Oscar witness grilled for second day
Oscar Pistorius's lawyer on Thursday tried doggedly for a second day to force cracks in the credibility of a State witness who believes he heard Reeva Steenkamp scream for help before the star athlete shot her.
Barry Roux, lawyer for Olympic and Paralympic track star Oscar Pistorius, gestures during the trial for the murder of his girlfriend Reeva Steenkamp, at the North Gauteng High Court in Pretoria, Wednesday, 5 March 2014. Pistorius is on trial for murdering his girlfriend Reeva Steenkamp at his suburban Pretoria home on Valentine’s Day last year. He says he mistook her for an intruder.Picture: Siphiwe Sibeko/Pool
Barry Roux, for Pistorius, repeatedly put it to Charl Johnson that he was trying to cover up the fact that he and his wife had corroborated their testimony to prejudice Pistorius.
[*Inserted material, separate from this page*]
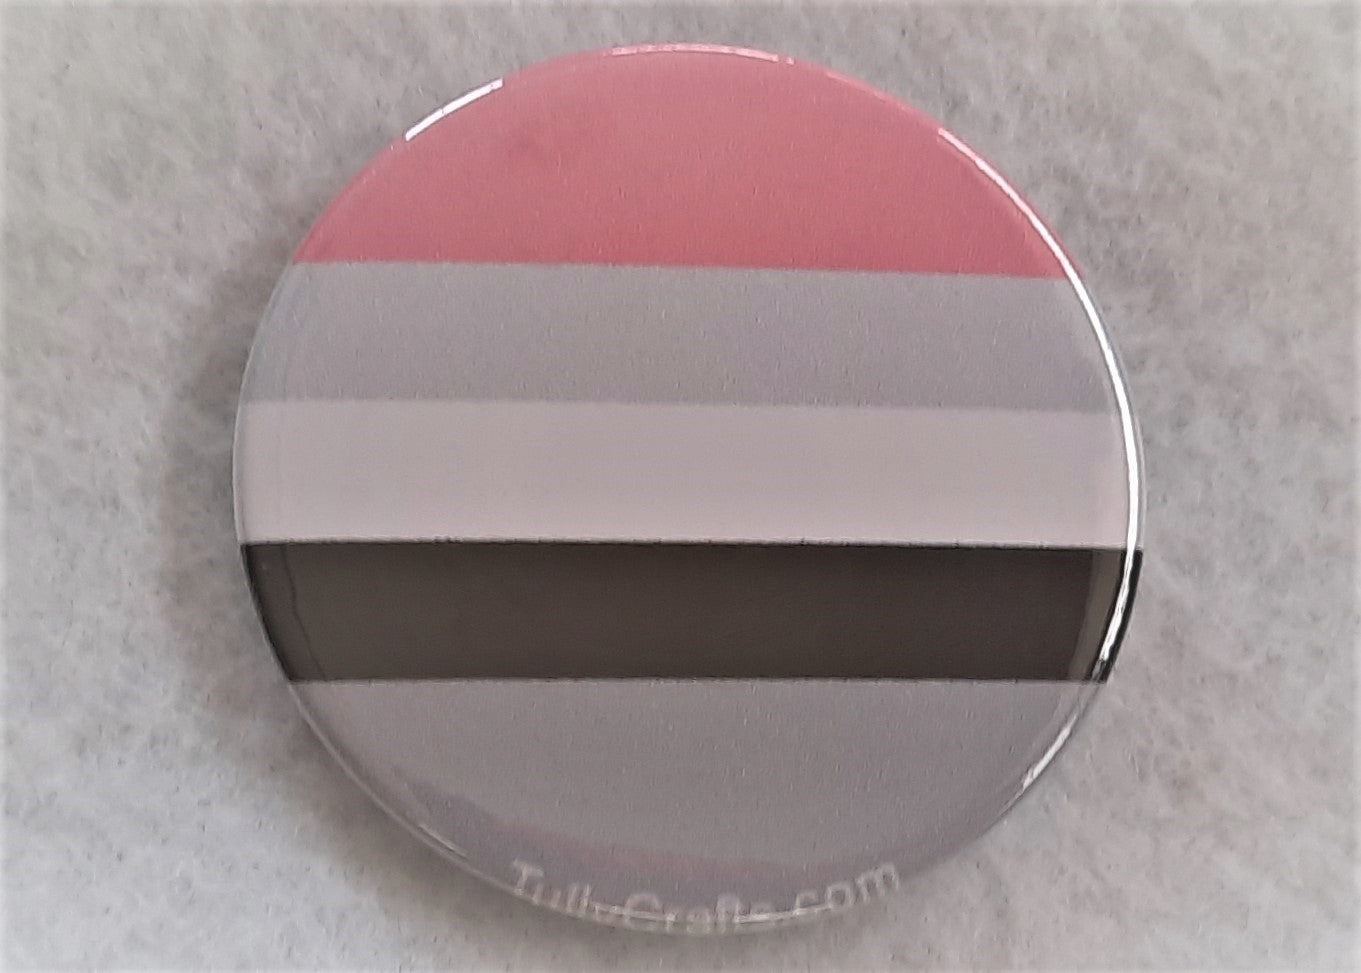 Apressexual Pride Flag Badge - Tully Crafts

“You want to extricate any suggestion that this version was also your wife’s version,” Roux said in the High Court in Pretoria.
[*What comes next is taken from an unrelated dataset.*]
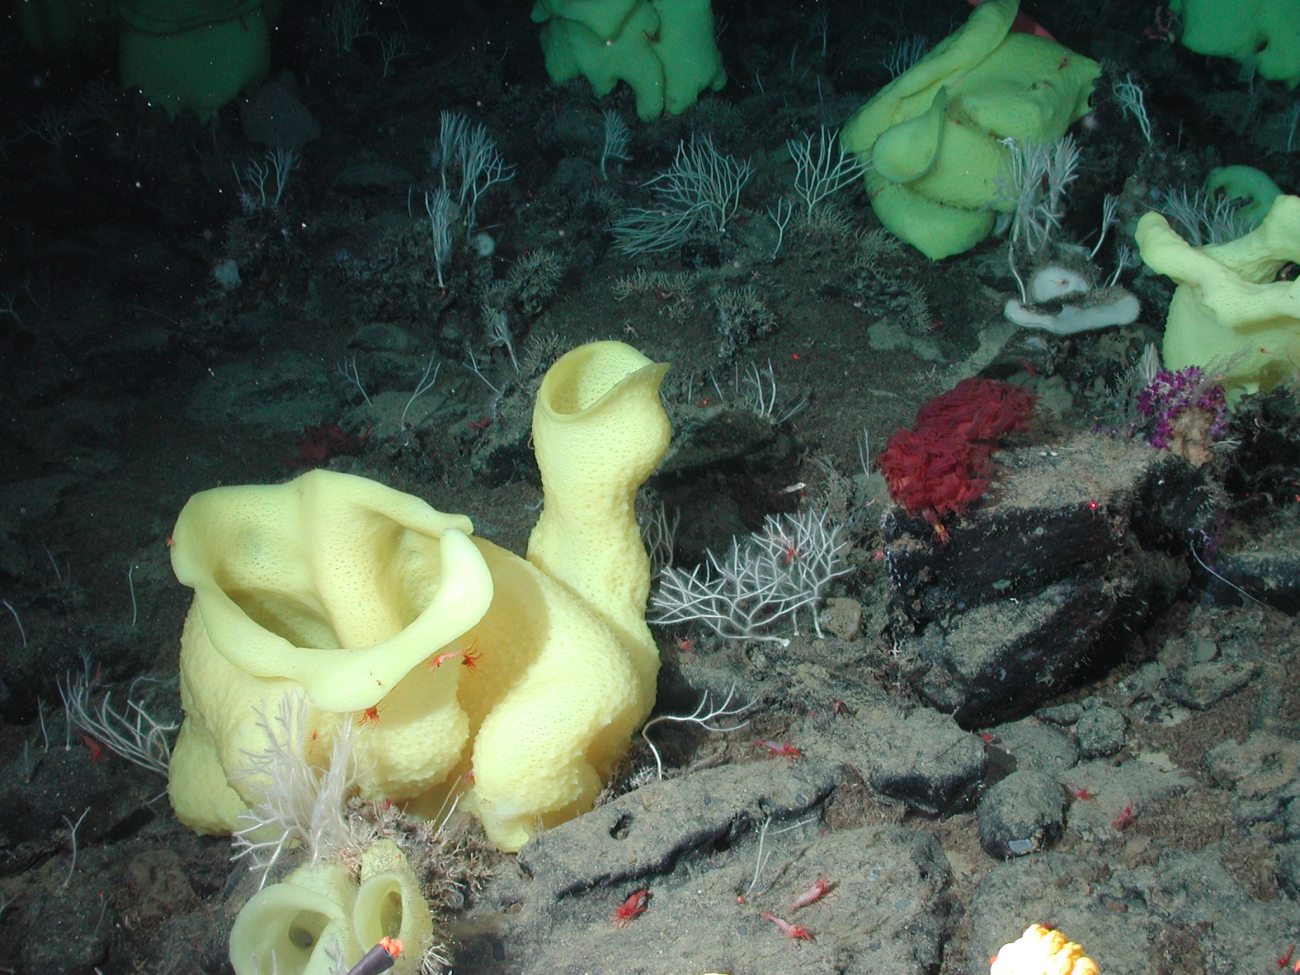 Yellow picasso sponge and reddish mushroom coral

“You want that out,” he said, while Pistorius listened intently as his counsel cross-examined his softly spoken neighbour who has testified against him.
“That is what it’s all about,” said Roux, waving a copy of Johnson’s statement across the court room and asking why it was changed several times.
On Wednesday, Roux had requested Johnson’s original notes about what he heard from his home in the Silver Stream estate, which is next to Silver Woods where Pistorius has admitted shooting Steenkamp dead.
Pistorius has pleaded not guilty to premeditated murder as charged by the State, which seeks to prove Steenkamp died during an argument, saying he fired shots because he thought there was an intruder in the house.
Johnson and his wife, Michelle Burger, have both testified in chilling detail that they heard a woman’s cries for help pierce the night, then fade away amid gunfire.
Roux said one statement said he did not count the number of shots that were fired, but his wife recalled “about four or five shots”.
“And that is so removed from this musical talent to count shots. It is not the same,” said Roux, referring to Burger’s testimony that she could remember hearing four bangs because of her musical training.
Grappling for words, Johnson said he wrote it at work where he was probably meant to be doing other work, so he considered that statement a rough guideline.
It was common practice to do drafts of documents, he said.
“It’s the nature of how I do my work,” said Johnson, who is Afrikaans-speaking.
“I try to improve the quality of the work that I write… to use proper English and grammar.”
Roux then asked what he had told investigating officer Captain van Aardt about the shots.
His own version was there were more than what his wife said, and even after Pistorius’s bail hearing where it was said there were four shots, he did not change his version, even though his wife had a different version.
Johnson said that even as more information came forward in Pistorius’s bail application, he did not change any of his notes nor the statement he gave to police.
“I received confirmation during the bail application that it was four shots. But I still told police I wasn’t sure I had heard. I said it was about four and five shots,” he said.
But Roux wanted to know why he dropped the word “about” from a later version in describing what his wife recalled.
And as he did with the wife, Roux insisted that the sounds they took for gunfire were in fact those of Pistorius using a cricket bat to break down the locked toilet door through which he had shot Steenkamp.
He said that he would bring evidence to prove that what Johnson heard “must describe” the breaking down of the toilet door with a cricket bat.”
On Wednesday, professional boxer Kevin Lerena told the court Pistorius had made a friend take the blame after a gun went off in his hand in a packed restaurant in Johannesburg last year.
The State appeared to focus on that episode, which happened a month before Steenkamp died, to portray Pistorius as a man reluctant to take responsibility for his actions.
Prosecutor Gerrie Nel referred to it during Pistorius’s bail hearing last year, telling the court of the accused: “It’s always me. Please protect me.”